Input records:
■ ■ ■ ■ ■

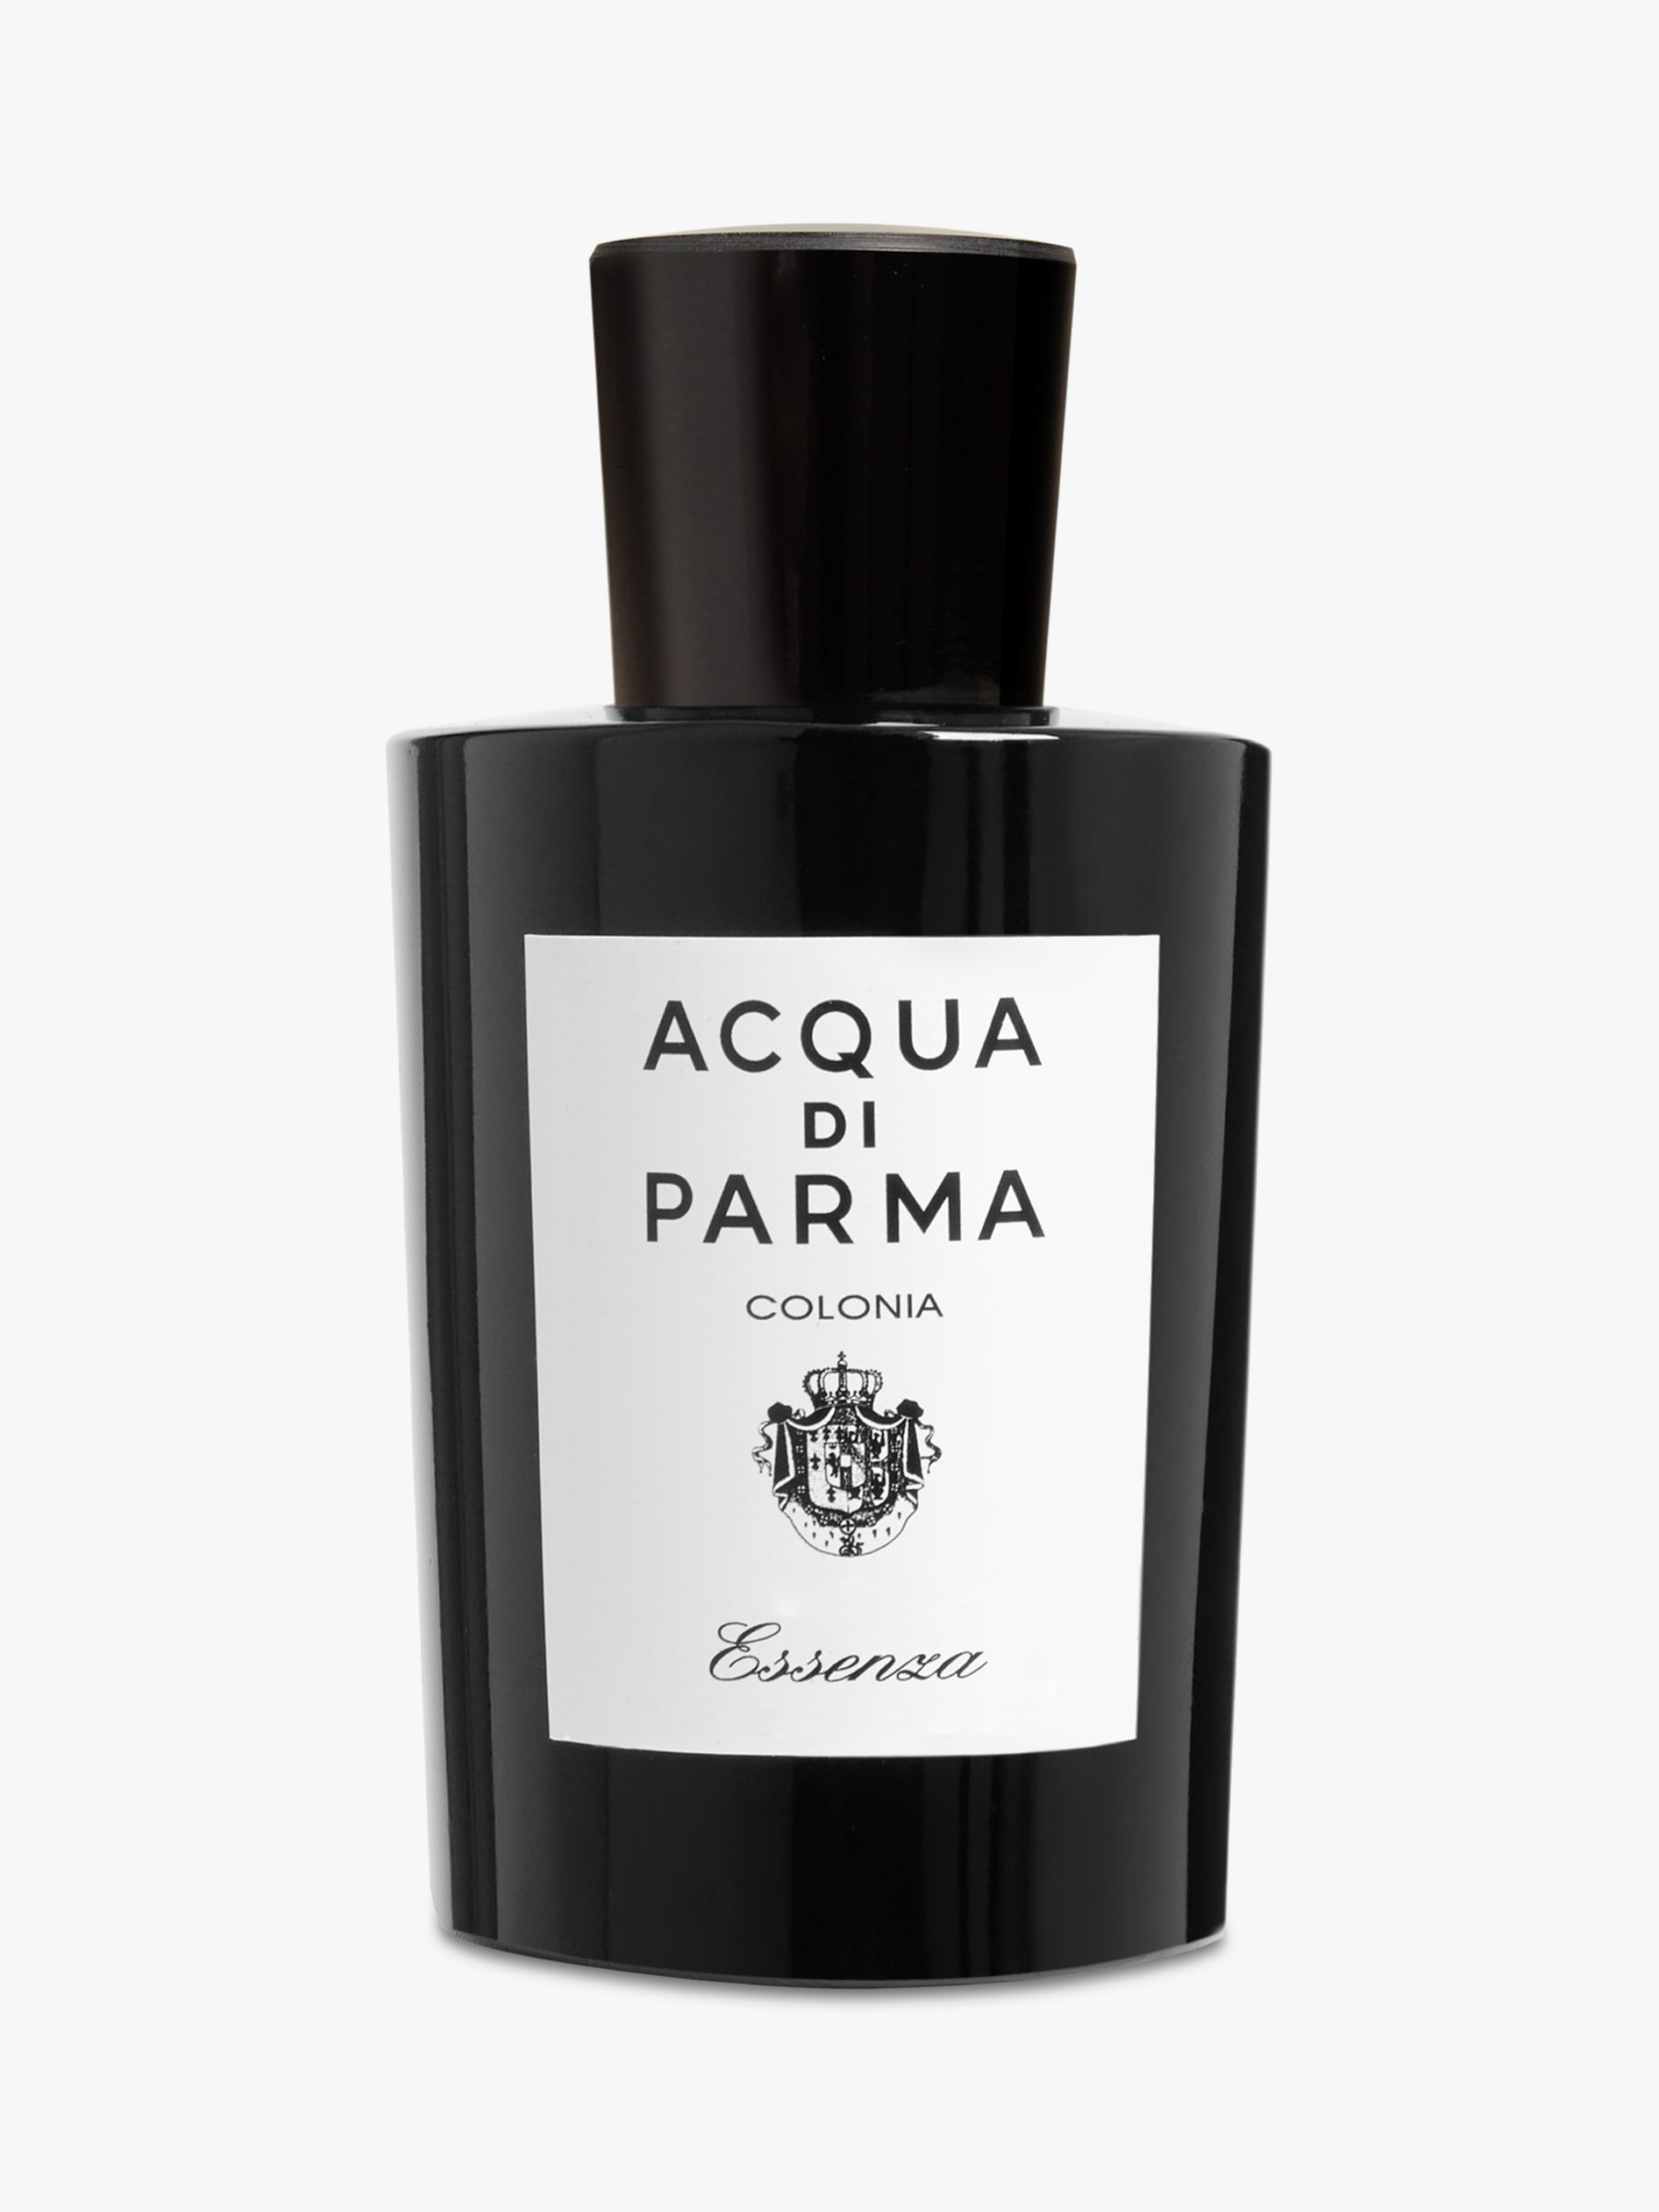 27 " Мужественные ароматы, которые ставят под сомнение бинарный аромат» /></p>
<p> Acqua di Parma Colonia Essenza £80 </p>
<p class=
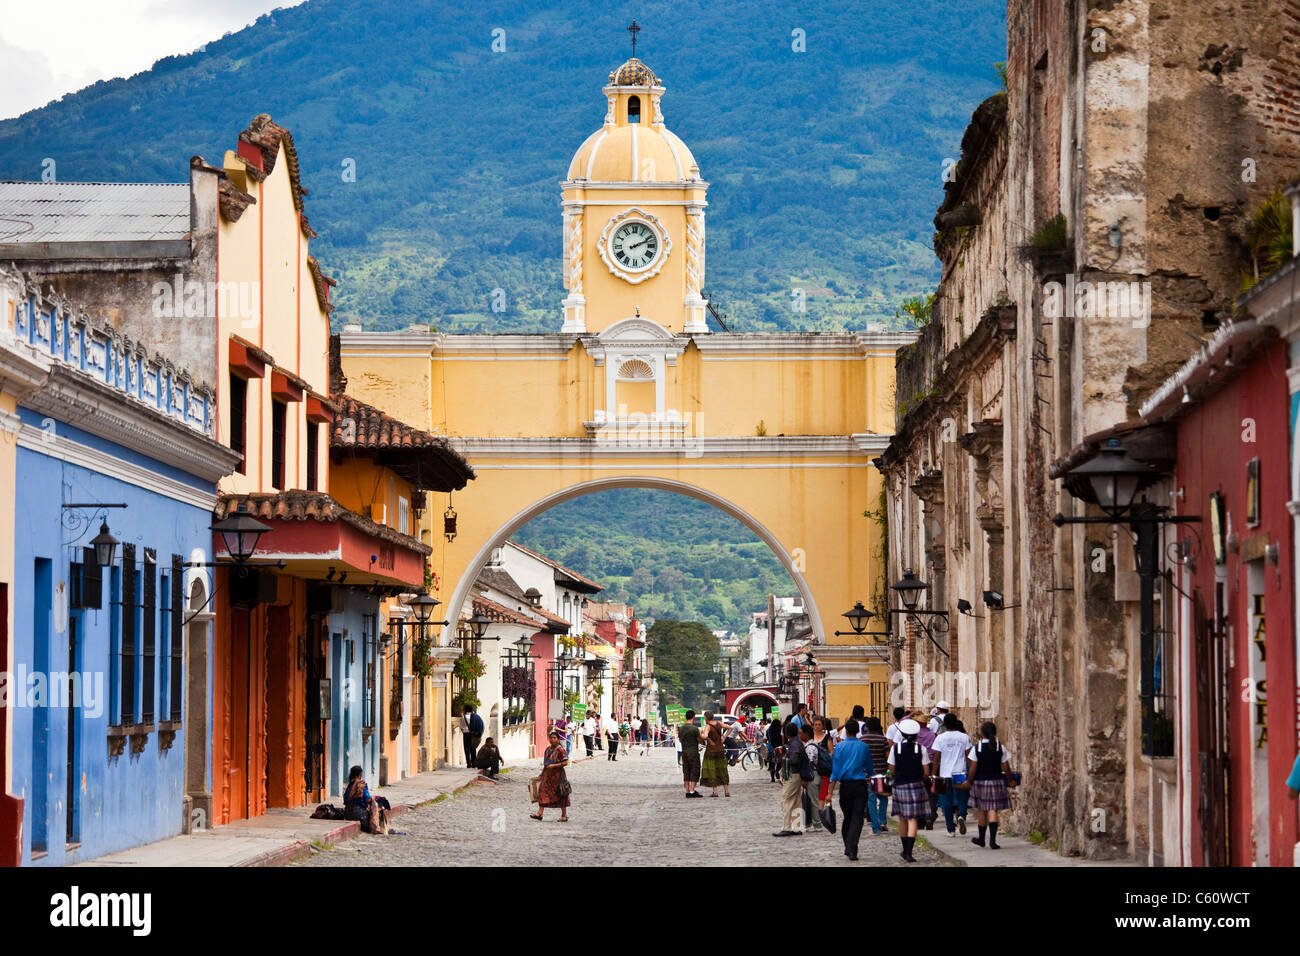 Santa Catalina Arch, Calle del Arco, Antigua, Guatemala Stock Photo
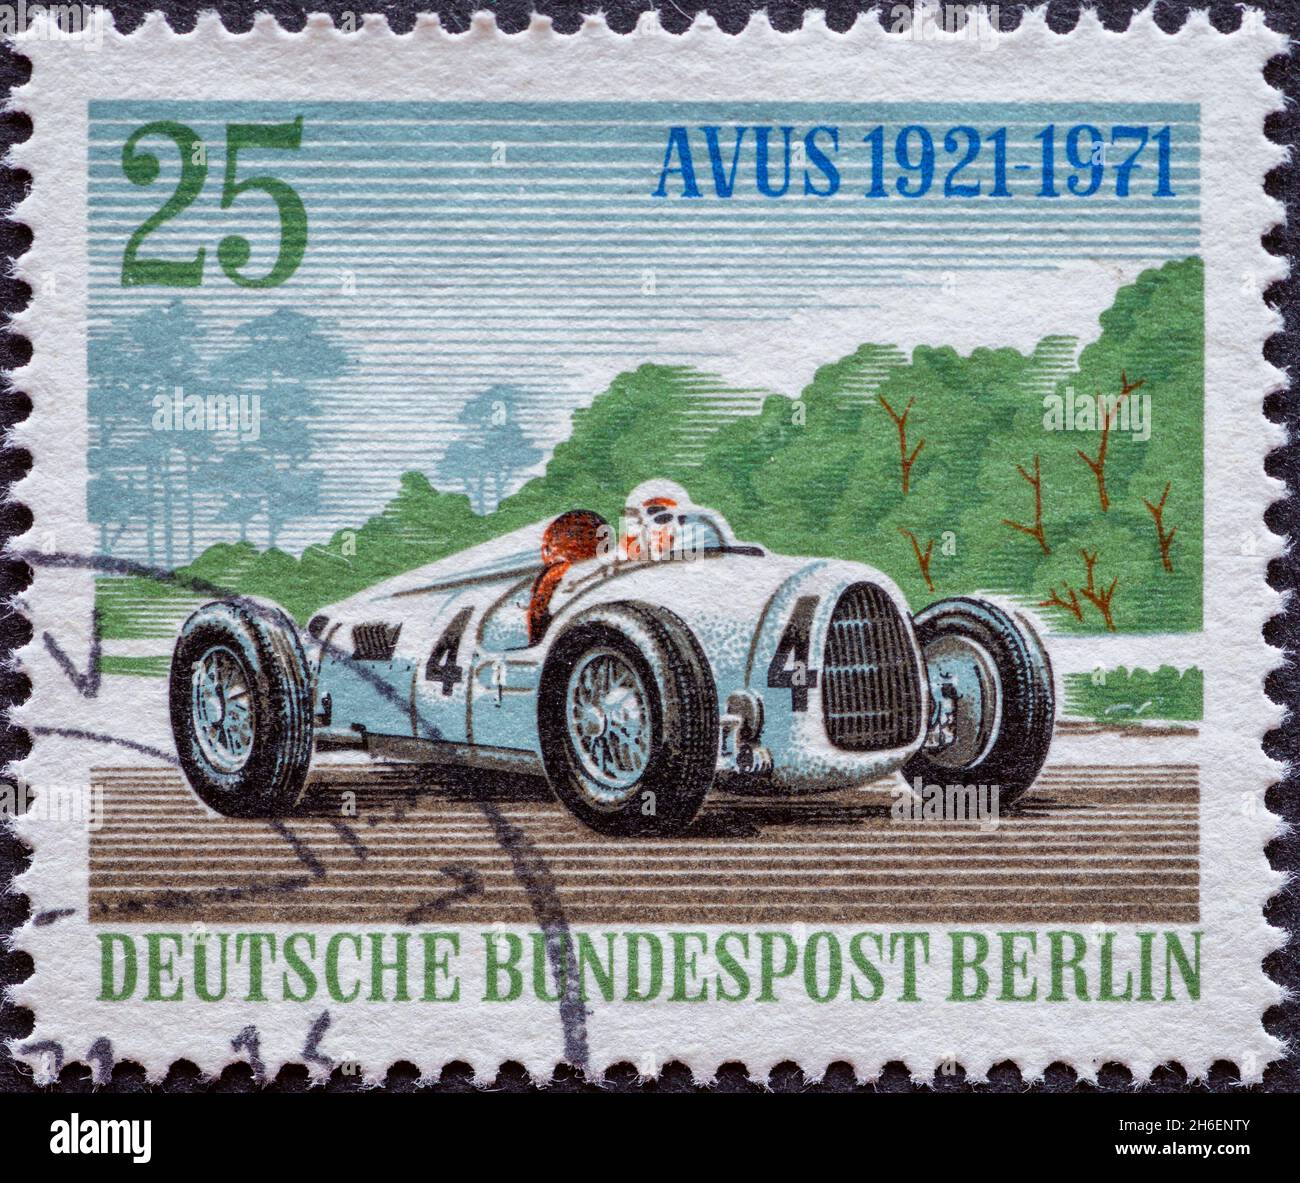 ALLEMAGNE, Berlin - VERS 1971 un timbre-poste de l'Allemagne, Berlin montrant voiture de course pour le 50ème anniversaire de la course Avus: Auto Union racer Banque D'Images
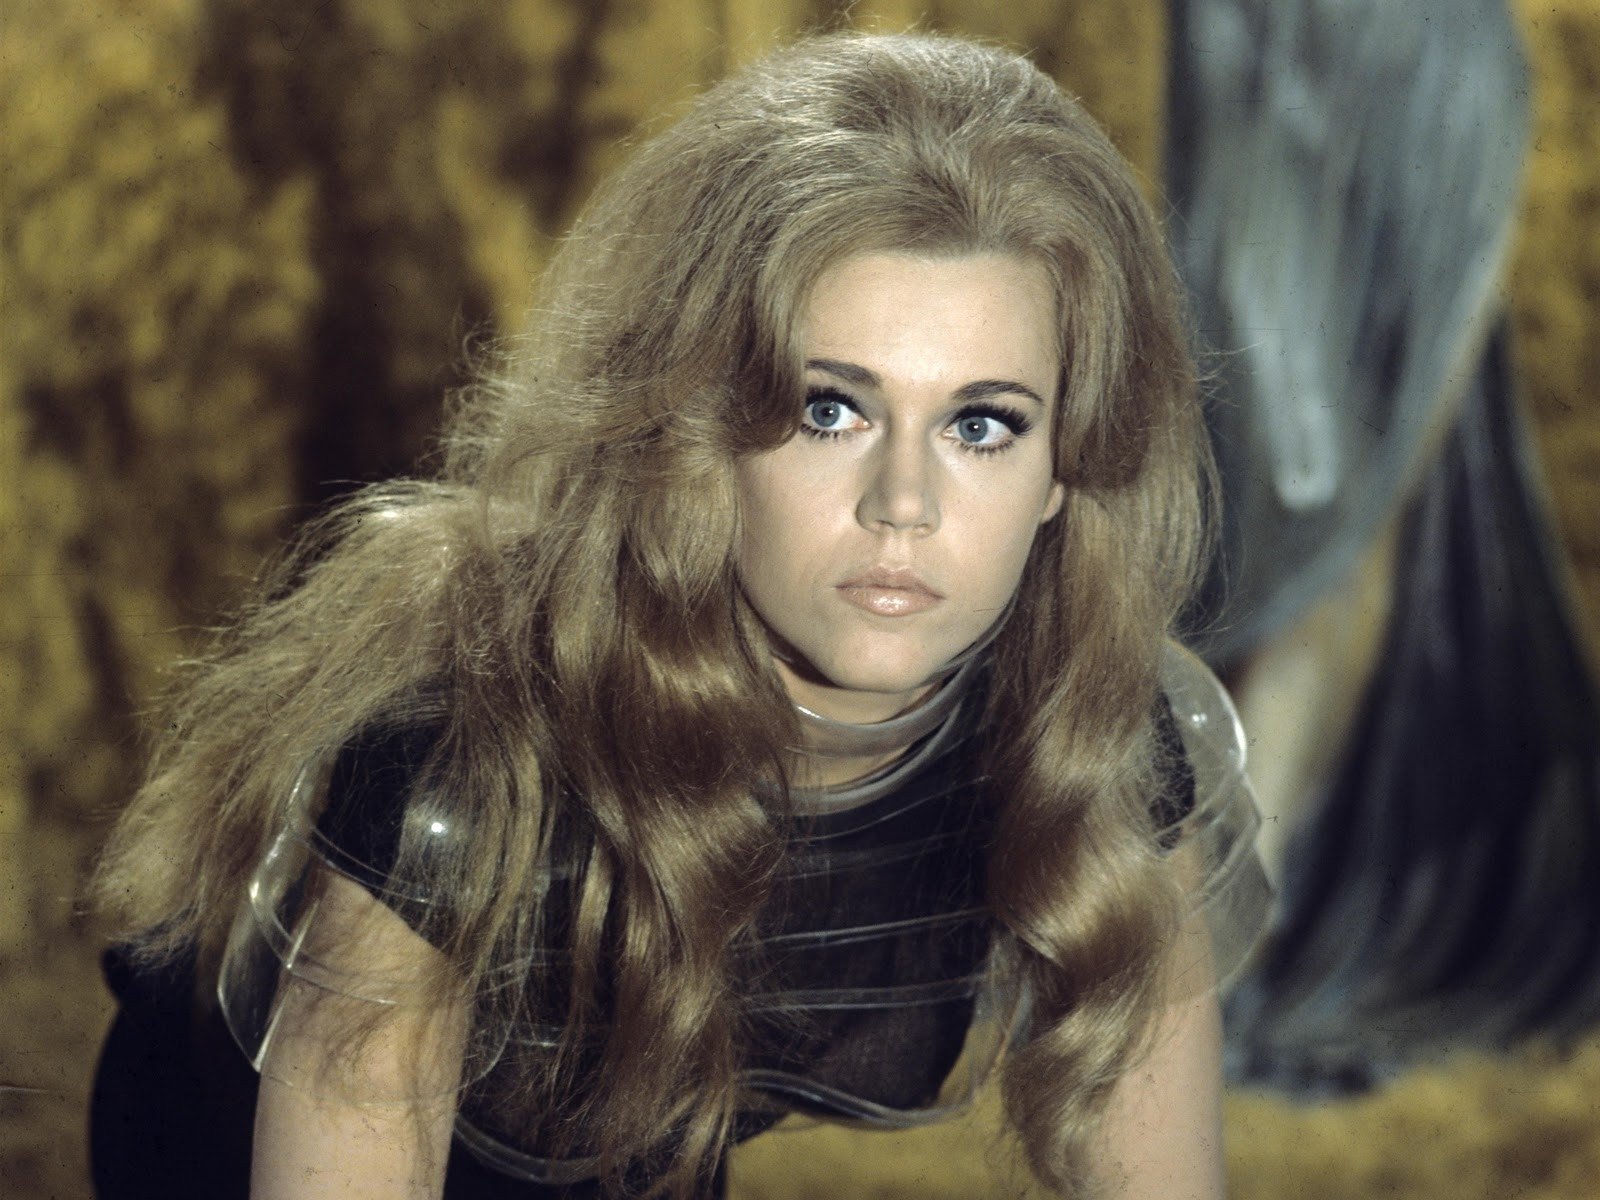 Jane Fonda in Barbarella in 1968 Wallpaper and Background Imagex1200

■ ■ ■ ■ ■

Directions:
Would you reproduce the lines from the one with "<p> Acqua di Parma Colonia Essenza £80 </p>" through the final line of the data above, exactly and only those, without any pictures?

Written answer:
<p> Acqua di Parma Colonia Essenza £80 </p>
<p class=
 Santa Catalina Arch, Calle del Arco, Antigua, Guatemala Stock Photo
 ALLEMAGNE, Berlin - VERS 1971 un timbre-poste de l'Allemagne, Berlin montrant voiture de course pour le 50ème anniversaire de la course Avus: Auto Union racer Banque D'Images
 Jane Fonda in Barbarella in 1968 Wallpaper and Background Imagex1200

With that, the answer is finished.